Before I write anything else about Actual Sunlight, I’ll write this: if you’re dealing with feelings of chronic depression or suicidal thoughts, there are people willing to listen and to help, wherever you are. I know that’s kind of a trite thing to say, but in the context of this game, it seems like the most appropriate thing, too.
It’s also the thing I feel most comfortable writing, since beyond that, I’m kind of lost. I’m fortunate enough to never have had to deal with chronic depression or mental illness. I’ve never had to stave off suicidal thoughts. Like most people, I’ve had bad things happen to me, but luckily I’ve always been able to shake them off and move on with my life; the point of Actual Sunlight, as far as I can tell, is to convey what it’s like to be someone who can’t do that.
I’ll be frank: it didn’t do that for me.
That’s not to say the game doesn’t do it at all.

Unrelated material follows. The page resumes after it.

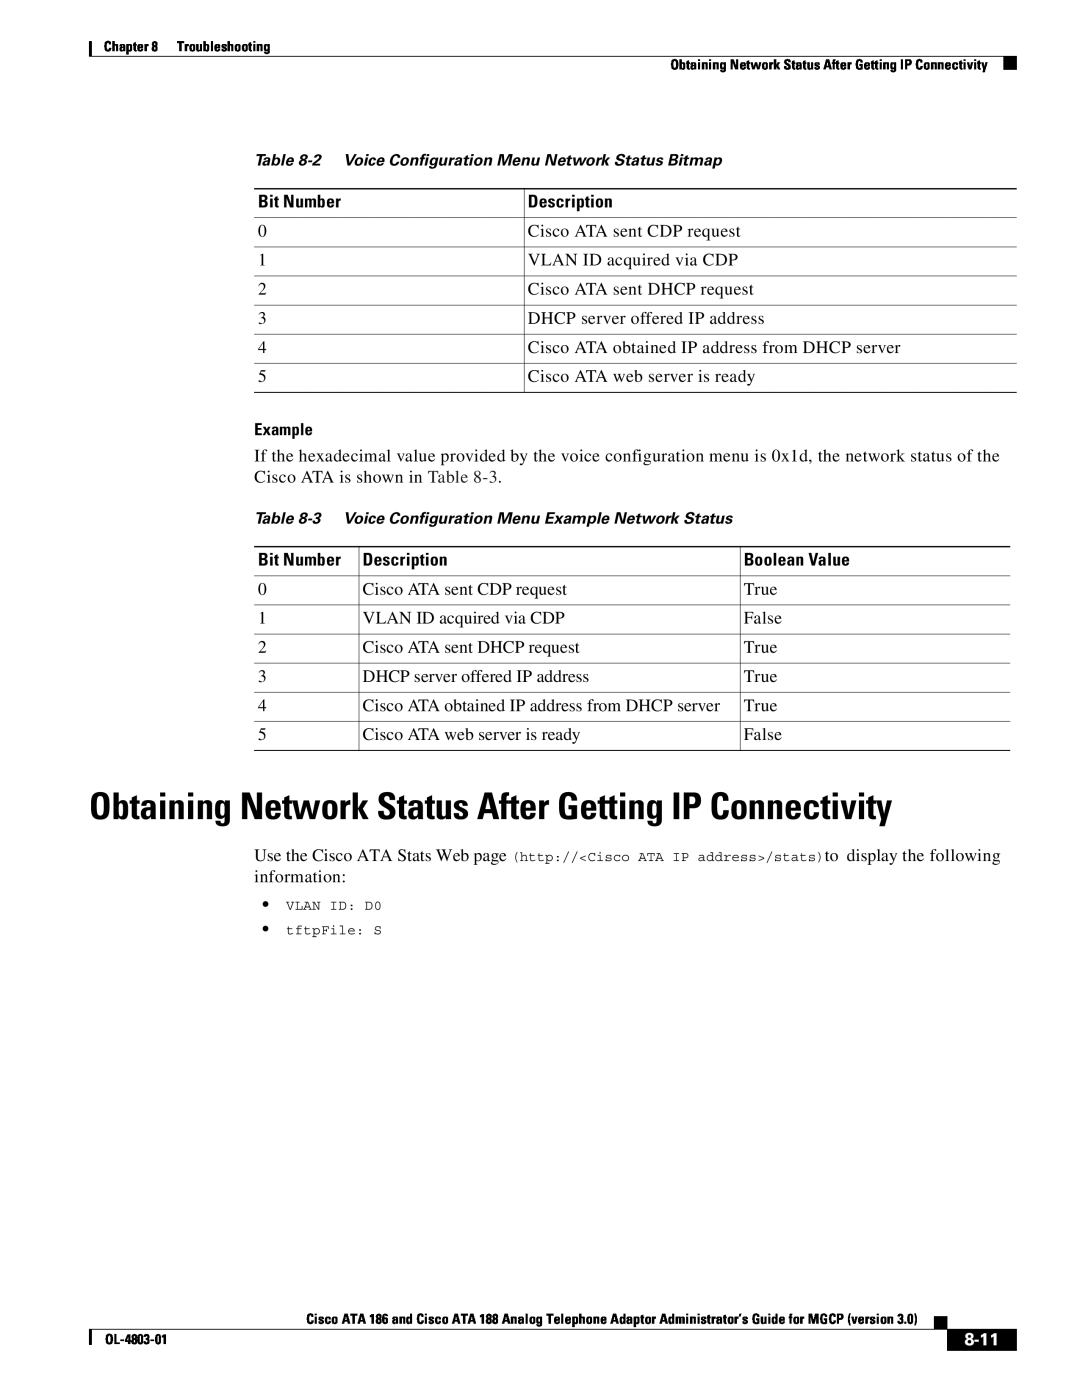 Cisco Systems ATA 188 Obtaining Network Status After Getting IP Connectivity, Boolean Value, 8-11, Bit Number, Description 
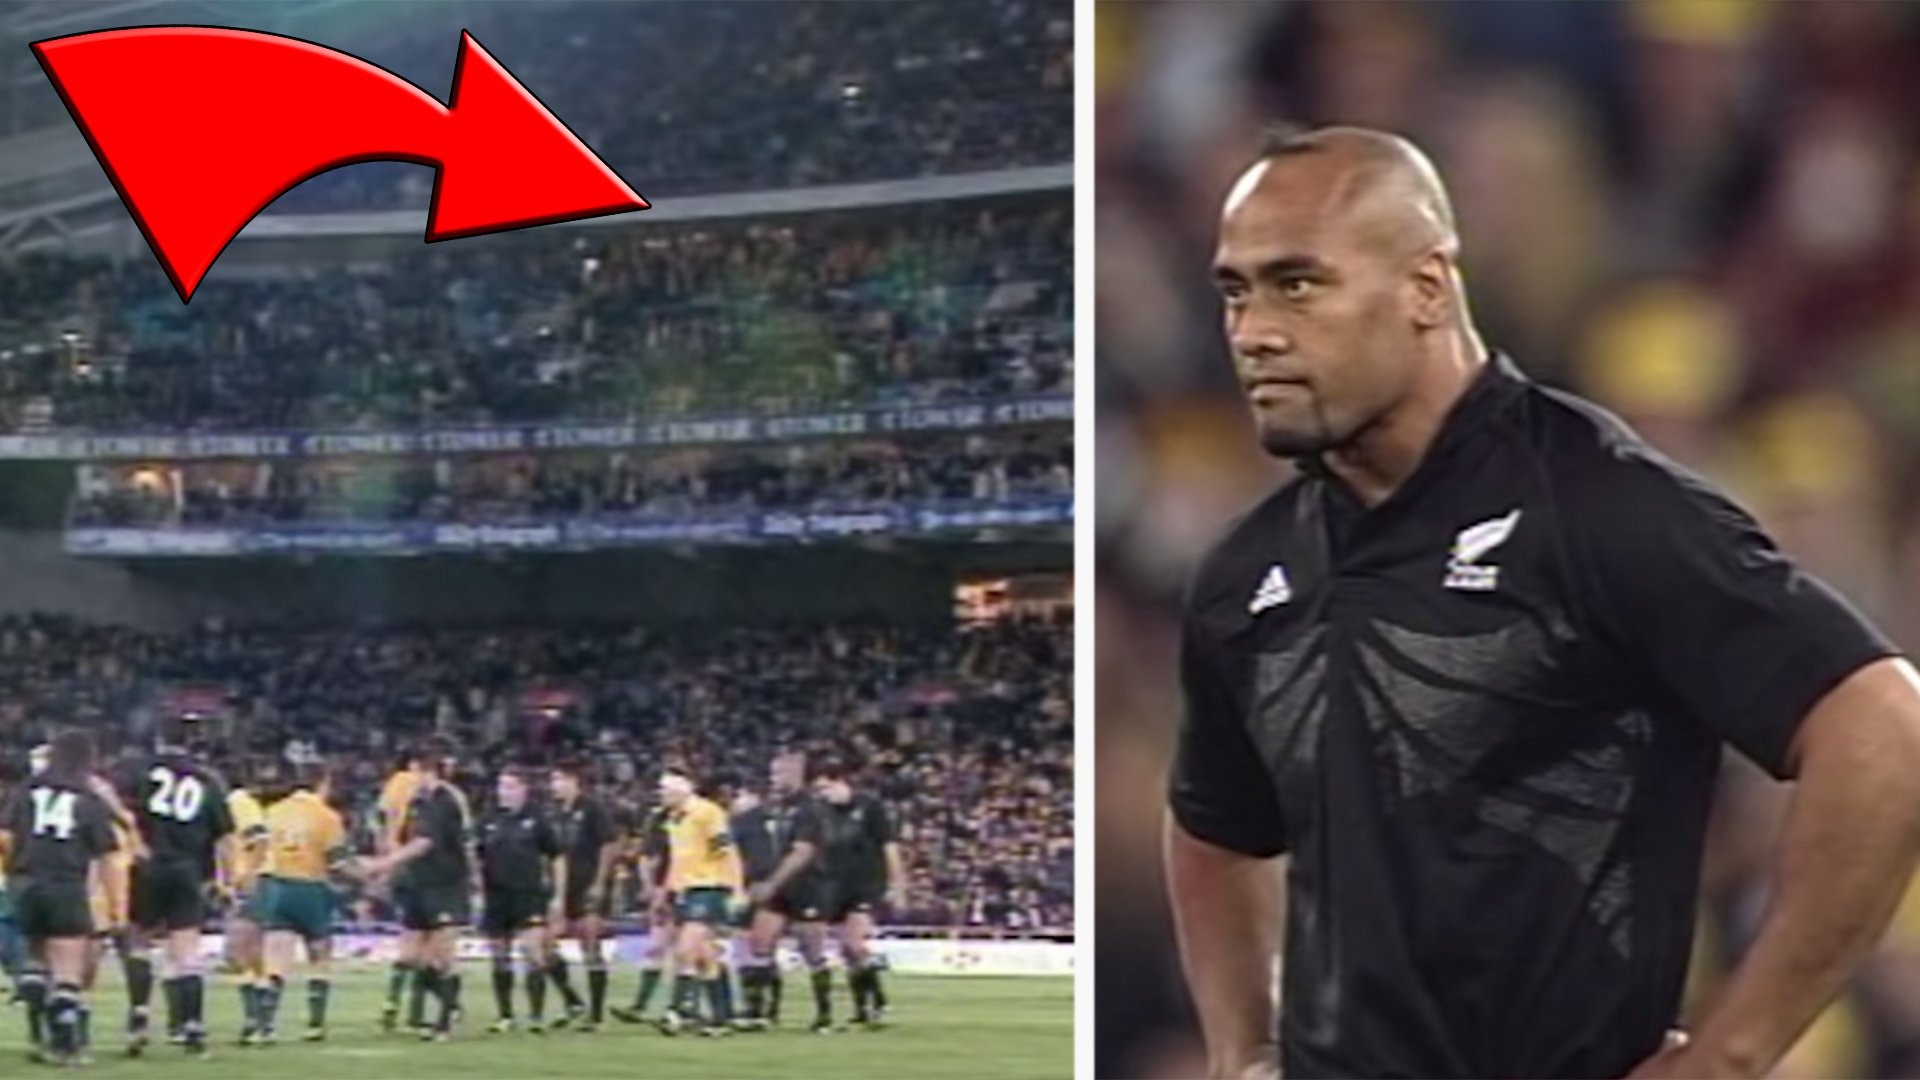 A full video has been released on "The Greatest Rugby Match of All Time" and it's insane

I have no doubt that some people will play Actual Sunlight and feel a terrifying jolt of recognition as they see their own struggles played out in the text on the screen. What’s more, I hope that some younger people will pick up the game, and feel like creator Will O’Neill is speaking directly to them when he breaks the fourth wall about ten minutes into the game, and writes an impassioned plea to not give in to depression, to find a different and better path. And for those people, I’m glad the game exists, since anything that helps people deal with their own demons is, I hope, a good thing.
But as far as my personal experience goes? I kind of hated it.
I feel bad saying that. I know it’s probably the wrong way to react. But it’s the honest truth. Every moment I spent reading main character Evan Winter’s angsty whining was a moment I spent hoping the game would just hurry up and end. That sounds awful, of course, since a grim game like this has only one obvious conclusion (spoiler?). But…I don’t know. The more Winter retreated into his own head and the more time he spent obsessively going over all the ways the world sucked, the more I just grew frustrated and annoyed by it all. Again, I realize that’s the wrong way to react. But I have to be honest: I’ve felt more empathy for the main characters in, say, God of War (where my onscreen avatar was literally a god) or Uncharted (murderous, semi-sociopathic treasure hunter) or Katamari Forever (little dude rolling things up for the King of the Universe) than I did at any point in Actual Sunlight.
In my defense, of course, Winter is not a main character that’s particularly easy to love. Between his extreme solipsism, his implied alcoholism, his short temper, his rants about the homeless, his general misanthropy…well, you get the idea. And to top it all off, as if to drive home just how grating he is, the game accompanies his text-based downward spiral with a metallic screech. If ever a game actively tried to alienate its players, this is it.
Then again, as Actual Sunlight reminds players very early on, “This game is not a game: it’s a portrait.” To some extent, that feels like an easy out for the game, a way for it to suggest that its broader statement is more important than how that statement is conveyed, thereby rendering it immune to criticism. But at the same time…okay, sure, I’ll buy that. Actual Sunlight does have a message for some people, and for those people it could literally be a matter of life and death. Though if it is…I’ll just refer you back to this page one more time.